[FIXED] How to compare ROC AUC scores of different binary classifiers and assess statistical significance in Python? (p-value, confidence interval)

Issue

I would like to compare different binary classifiers in Python. For that, I want to calculate the ROC AUC scores, measure the 95% confidence interval (CI), and p-value to access statistical significance.

Below is a minimal example in scikit-learn which trains three different models on a binary classification dataset, plots the ROC curves and calculates the AUC scores.

Here are my specific questions:

1. How to calculate the 95% confidence interval (CI) of the ROC AUC scores on the test set? (e.g. with bootstrapping).
2. How to compare the AUC scores (on test set) and measure the p-value to assess statistical significance? (The null hypothesis is that the models are not different. Rejecting the null hypothesis means the difference in AUC scores is statistically significant.)

.

import numpy as np

np.random.seed(2018)

from sklearn.datasets import load_breast_cancer
from sklearn.metrics import roc_auc_score, roc_curve
from sklearn.model_selection import train_test_split

from sklearn.naive_bayes import GaussianNB
from sklearn.ensemble import RandomForestClassifier
from sklearn.neural_network import MLPClassifier
import matplotlib
import matplotlib.pyplot as plt

data = load_breast_cancer()

X = data.data
y = data.target
X_train, X_test, y_train, y_test = train_test_split(X, y, test_size=0.5, random_state=17)

# Naive Bayes Classifier
nb_clf = GaussianNB()
nb_clf.fit(X_train, y_train)
nb_prediction_proba = nb_clf.predict_proba(X_test)[:, 1]

# Ranodm Forest Classifier
rf_clf = RandomForestClassifier(n_estimators=20)
rf_clf.fit(X_train, y_train)
rf_prediction_proba = rf_clf.predict_proba(X_test)[:, 1]

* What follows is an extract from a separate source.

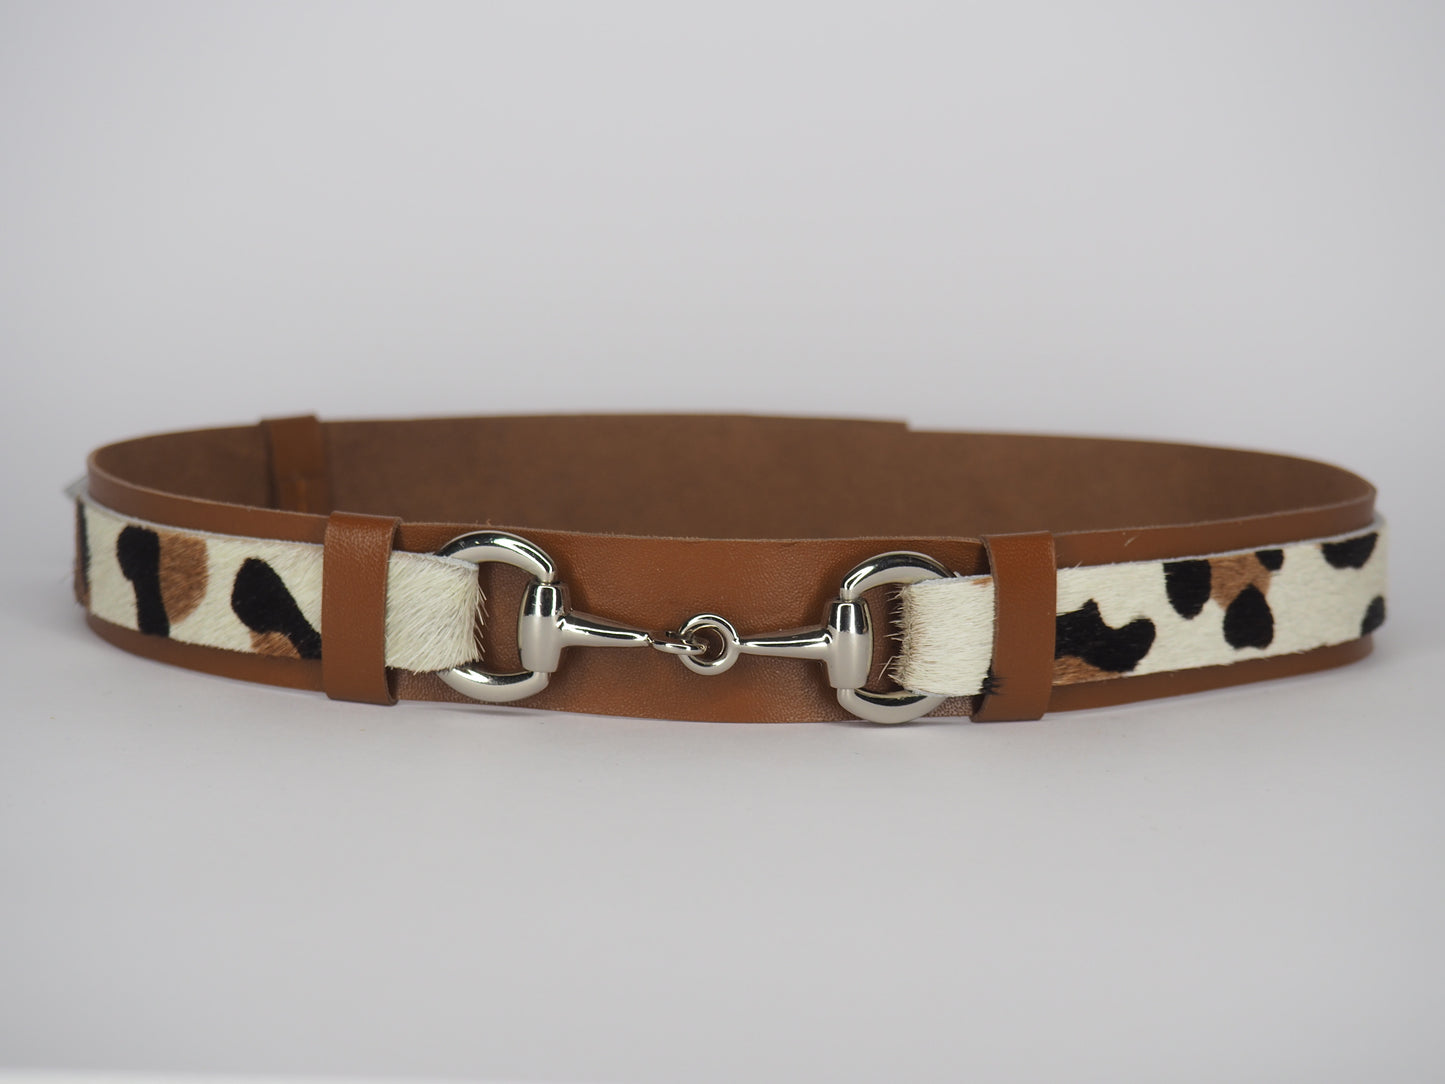 Adjustable Tan Leather Hat Band -Snow Leopard Print with Silver Horse Bit Hardware

# Multi-layer Perceptron Classifier
mlp_clf = MLPClassifier(alpha=1, hidden_layer_sizes=150)
mlp_clf.fit(X_train, y_train)
mlp_prediction_proba = mlp_clf.predict_proba(X_test)[:, 1]


def roc_curve_and_score(y_test, pred_proba):
    fpr, tpr, _ = roc_curve(y_test.ravel(), pred_proba.ravel())
    roc_auc = roc_auc_score(y_test.ravel(), pred_proba.ravel())
    return fpr, tpr, roc_auc


plt.figure(figsize=(8, 6))
matplotlib.rcParams.update({'font.size': 14})
plt.grid()
fpr, tpr, roc_auc = roc_curve_and_score(y_test, rf_prediction_proba)
plt.plot(fpr, tpr, color='darkorange', lw=2,
         label='ROC AUC={0:.3f}'.format(roc_auc))
fpr, tpr, roc_auc = roc_curve_and_score(y_test, nb_prediction_proba)
plt.plot(fpr, tpr, color='green', lw=2,
         label='ROC AUC={0:.3f}'.format(roc_auc))
fpr, tpr, roc_auc = roc_curve_and_score(y_test, mlp_prediction_proba)
plt.plot(fpr, tpr, color='crimson', lw=2,
         label='ROC AUC={0:.3f}'.format(roc_auc))
plt.plot([0, 1], [0, 1], color='navy', lw=1, linestyle='--')
plt.legend(loc="lower right")
plt.xlim([0.0, 1.0])
plt.ylim([0.0, 1.05])
plt.xlabel('1 - Specificity')
plt.ylabel('Sensitivity')
plt.show()

Solution

Bootstrap for 95% confidence interval

You want to repeat your analysis on multiple resamplings of your data. In the general case, assume you have a function f(x) that determines whatever statistic you need from data x and you can bootstrap like this:

def bootstrap(x, f, nsamples=1000):
    stats = [f(x[np.random.randint(x.shape[0], size=x.shape[0])]) for _ in range(nsamples)]
    return np.percentile(stats, (2.5, 97.5))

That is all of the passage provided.